According to the attributes ['price_buy', 'price_main', 'n_doors', 'n_persons', 'lug_boot', 'safety']
Should i buy the car [3 3 1 2 0 2]?
The car is [2] (in truth it is 2)


### Evaluating classification accuracy

Of course we want to estimate the error.
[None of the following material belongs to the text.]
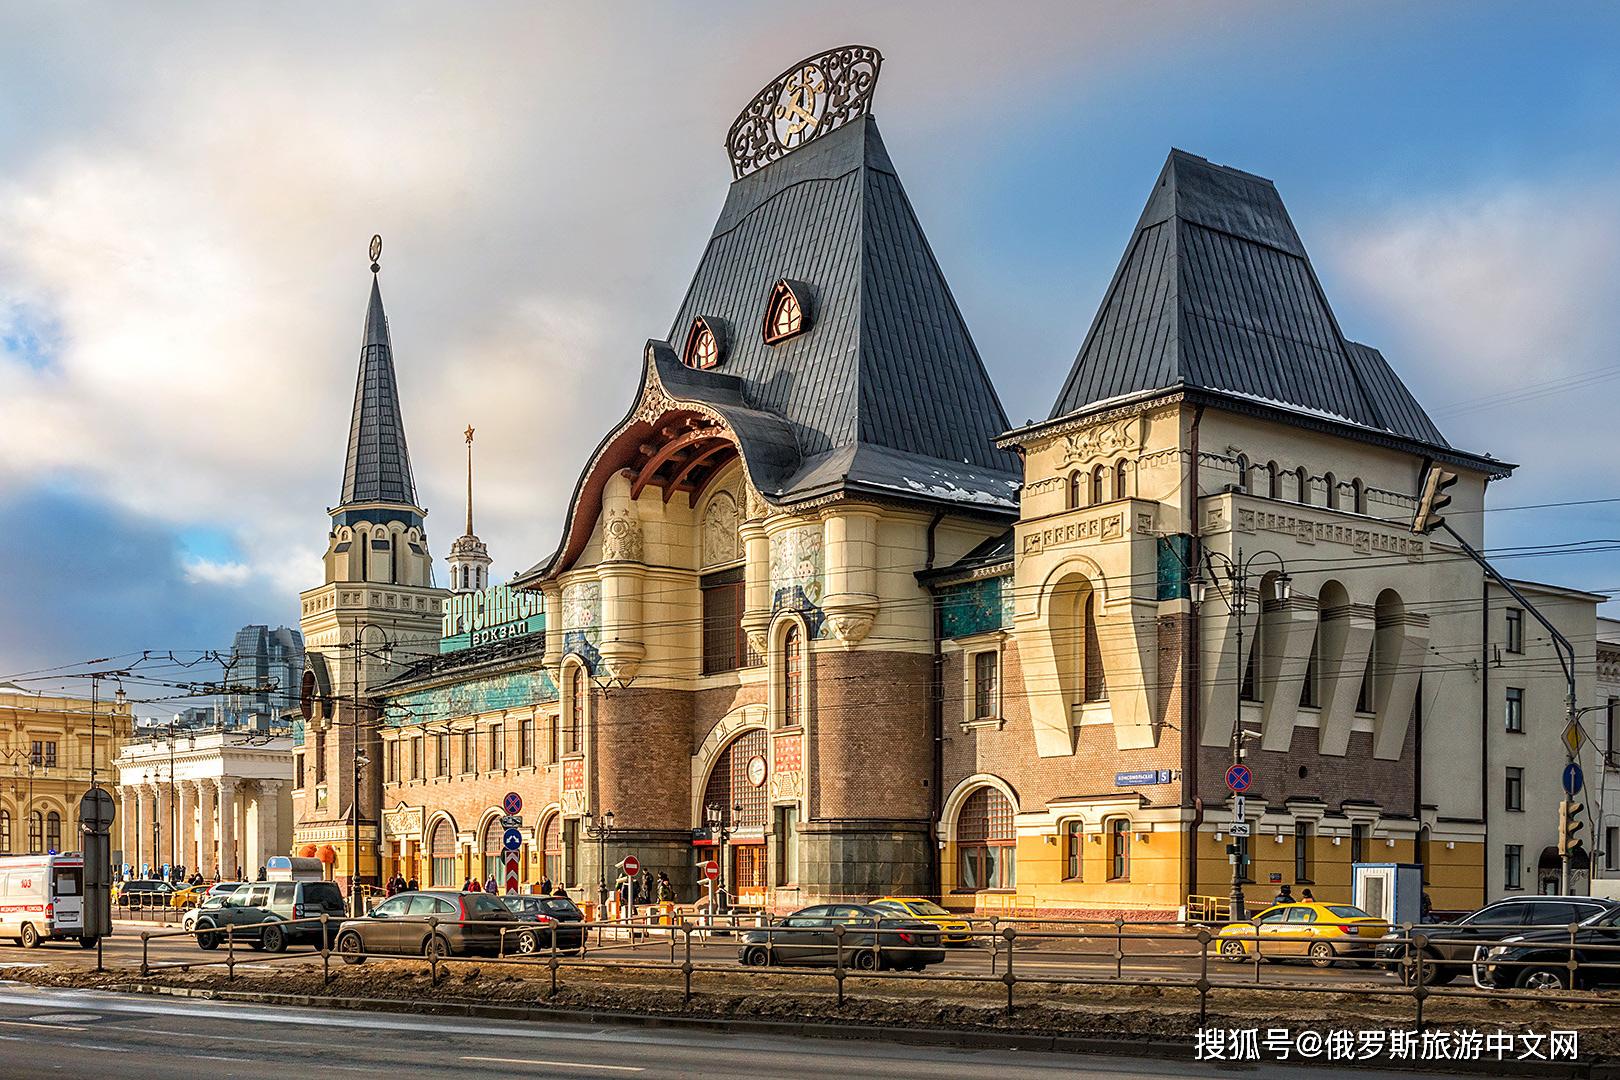 是独具特色的新俄罗斯风格火车站,莫斯科纪念性建筑物的杰作
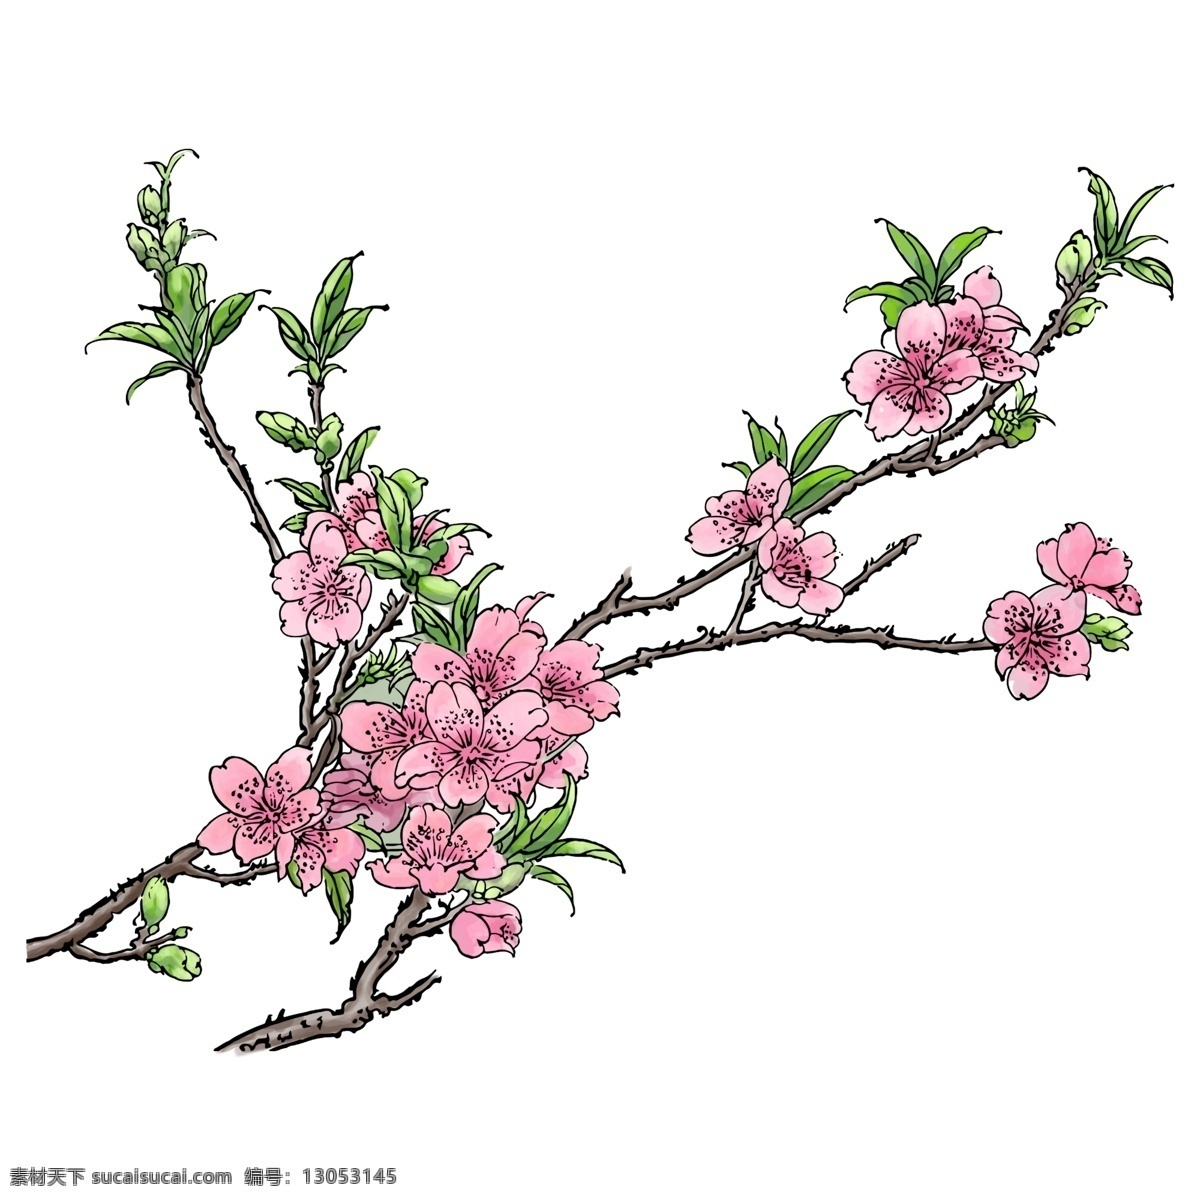 春天 粉色 手绘 水彩 风格 桃花 树枝 元素 桃树 叶子 绿叶 写实桃花 手绘风格 手绘桃花 水彩风格 粉色桃花 花

Therefore we write a function that, given a set of true class labels 'y' and predicted class labels 'y_p', returns the misclassification rate. 

In [7]:
def acc(y, y_p):
    correct = y == y_p
    acc = np.sum(correct) / float(len(y))
    return acc

def err_mis(y, y_p):
    return 1. - acc(y, y_p)

In [8]:
y_p = tree.infer(X)
err = err_mis(y, y_p)
print ("Unsurprisingly, the error on the training set is very low: %f" % err)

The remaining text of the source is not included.